··· Source information
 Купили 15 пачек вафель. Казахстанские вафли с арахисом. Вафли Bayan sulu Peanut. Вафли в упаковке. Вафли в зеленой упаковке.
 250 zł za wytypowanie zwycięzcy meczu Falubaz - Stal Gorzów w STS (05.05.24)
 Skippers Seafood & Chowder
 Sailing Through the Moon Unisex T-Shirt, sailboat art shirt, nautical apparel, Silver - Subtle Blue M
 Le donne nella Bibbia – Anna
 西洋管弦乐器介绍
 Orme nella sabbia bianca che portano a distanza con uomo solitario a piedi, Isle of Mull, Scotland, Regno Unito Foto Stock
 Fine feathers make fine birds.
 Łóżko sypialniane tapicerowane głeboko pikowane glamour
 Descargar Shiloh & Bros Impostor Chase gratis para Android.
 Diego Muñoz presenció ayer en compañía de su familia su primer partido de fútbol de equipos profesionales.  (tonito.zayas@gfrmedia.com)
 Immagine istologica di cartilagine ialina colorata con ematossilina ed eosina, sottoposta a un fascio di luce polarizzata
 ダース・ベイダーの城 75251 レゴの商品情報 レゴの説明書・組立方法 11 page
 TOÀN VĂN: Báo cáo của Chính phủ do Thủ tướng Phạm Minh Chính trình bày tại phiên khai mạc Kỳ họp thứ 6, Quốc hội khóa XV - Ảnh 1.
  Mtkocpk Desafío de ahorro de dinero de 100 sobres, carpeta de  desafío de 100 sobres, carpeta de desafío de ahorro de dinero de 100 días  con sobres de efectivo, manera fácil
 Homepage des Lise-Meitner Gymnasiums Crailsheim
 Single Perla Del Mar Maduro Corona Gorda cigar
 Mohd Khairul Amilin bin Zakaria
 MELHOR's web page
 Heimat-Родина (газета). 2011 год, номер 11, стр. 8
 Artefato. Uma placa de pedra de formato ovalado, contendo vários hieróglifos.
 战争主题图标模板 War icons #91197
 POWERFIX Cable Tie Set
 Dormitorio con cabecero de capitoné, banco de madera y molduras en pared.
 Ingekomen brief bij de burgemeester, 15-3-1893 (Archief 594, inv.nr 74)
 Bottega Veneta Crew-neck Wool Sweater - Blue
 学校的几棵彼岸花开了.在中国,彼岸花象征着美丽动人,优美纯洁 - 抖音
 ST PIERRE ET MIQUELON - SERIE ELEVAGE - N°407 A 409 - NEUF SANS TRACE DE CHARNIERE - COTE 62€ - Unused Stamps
······
Only lines with the word "nella" are needed. Copy them from the preceding records.

Output of the task:
 Le donne nella Bibbia – Anna
 Orme nella sabbia bianca che portano a distanza con uomo solitario a piedi, Isle of Mull, Scotland, Regno Unito Foto Stock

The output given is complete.